Model Development
Model Selection
- When considering what model to use, it’s important to consider not only the model’s performance, measured by metrics such as accuracy, F1 score, and log loss, but also its other properties, such as how much data, compute, and time it needs to train, what’s its inference latency, and interpretability.
- Avoid the state-of-the-art trap
- Researchers often only evaluate models in academic settings, which means that a model being state of the art often means that it performs better than existing models on some static datasets. It doesn’t mean that this model will be fast enough or cheap enough for you to implement. It doesn’t even mean that this model will perform better than other models on your data.
- Start with the simplest models
- Simplest models are not always the same as models with the least effort. For example, pretrained BERT models are complex, but they require little effort to get started with, especially if you use a ready-made implementation like the one in Hugging Face’s Transformer. In this case, it’s not a bad idea to use the complex solution, given that the community around this solution is well developed enough to help you get through any problems you might encounter. However, you might still want to experiment with simpler solutions to ensure that pretrained BERT is indeed better than those simpler solutions for your problem. Pretrained BERT might be low effort to start with, but it can be quite high effort to improve upon. Whereas if you start with a simpler model, there’ll be a lot of room for you to improve upon your model.
- Avoid human biases in selecting models
- Evaluate good performance now versus good performance later
- While evaluating models, you might want to take into account their potential for improvements in the near future, and how easy/difficult it is to achieve those improvements.

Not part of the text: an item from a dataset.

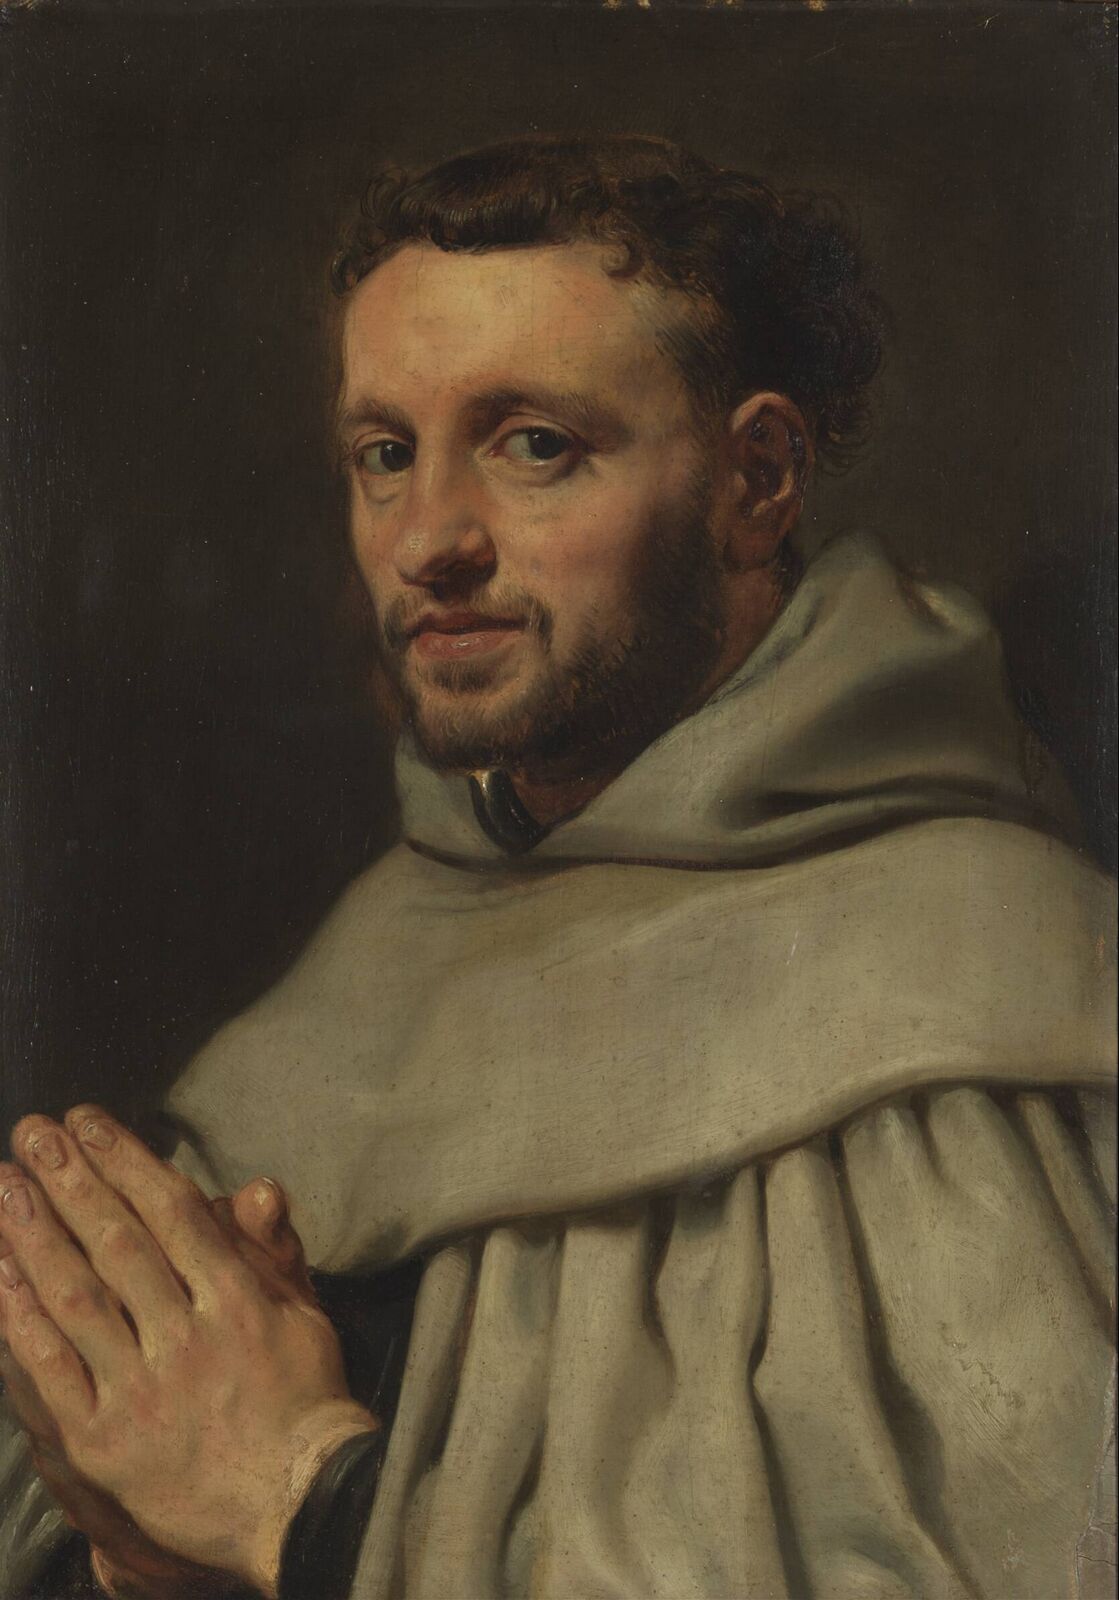 Peter+Paul+Rubens-1577-1640 (89).jpg

- A situation that I’ve encountered is when a team evaluates a simple neural network against a collaborative filtering model for making recommendations. When evaluating both models offline, the collaborative filtering model outperformed. However, the simple neural network can update itself with each incoming example, whereas the collaborative filtering has to look at all the data to update its underlying matrix. The team decided to deploy both the collaborative filtering model and the simple neural network. They used the collaborative filtering model to make predictions for users, and continually trained the simple neural network in production with new, incoming data. After two weeks, the simple neural network was able to outperform the collaborative filtering model.
- Evaluate trade-offs
- Understand the model’s assumptions
Ensembles
Bagging
- Bagging, shortened from bootstrap aggregating, is designed to improve both the training stability and accuracy of ML algorithms. It reduces variance and helps to avoid overfitting.
Boosting
- Boosting is a family of iterative ensemble algorithms that convert weak learners to strong ones. Each learner in this ensemble is trained on the same set of samples, but the samples are weighted differently among iterations. As a result, future weak learners focus more on the examples that previous weak learners misclassified.
Stacking
Reference
Model Debugging
- Start simple and gradually add more components
- Overfit a single batch - If it’s for image recognition, overfit on 10 images and see if you can get the accuracy to be 100%, or if it’s for machine translation, overfit on 100 sentence pairs and see if you can get to a BLEU score of near 100. If it can’t overfit a small amount of data, there might be something wrong with your implementation.
- Set a random seed
Distributed Training
- Gradient-checkpointing
Data parallelism
- Each worker has its own copy of the whole model and does all the computation necessary for its copy of the model
- Synchronous SGD and Asynchronous SGD - The way in which gradients are combined in parallel training
Model Parallelism
- Model parallelism is when different components of your model are trained on different machines
Pipeline parallelism
AutoML
Soft AutoML : Hyperparameter tuning
Hard AutoML: Architecture search and learned optimizer
- what if we replace the functions that specify the update rule with a neural network? How much to update the model’s weights will be calculated by this neural network. This approach results in learned optimizers, as opposed to hand-designed optimizers.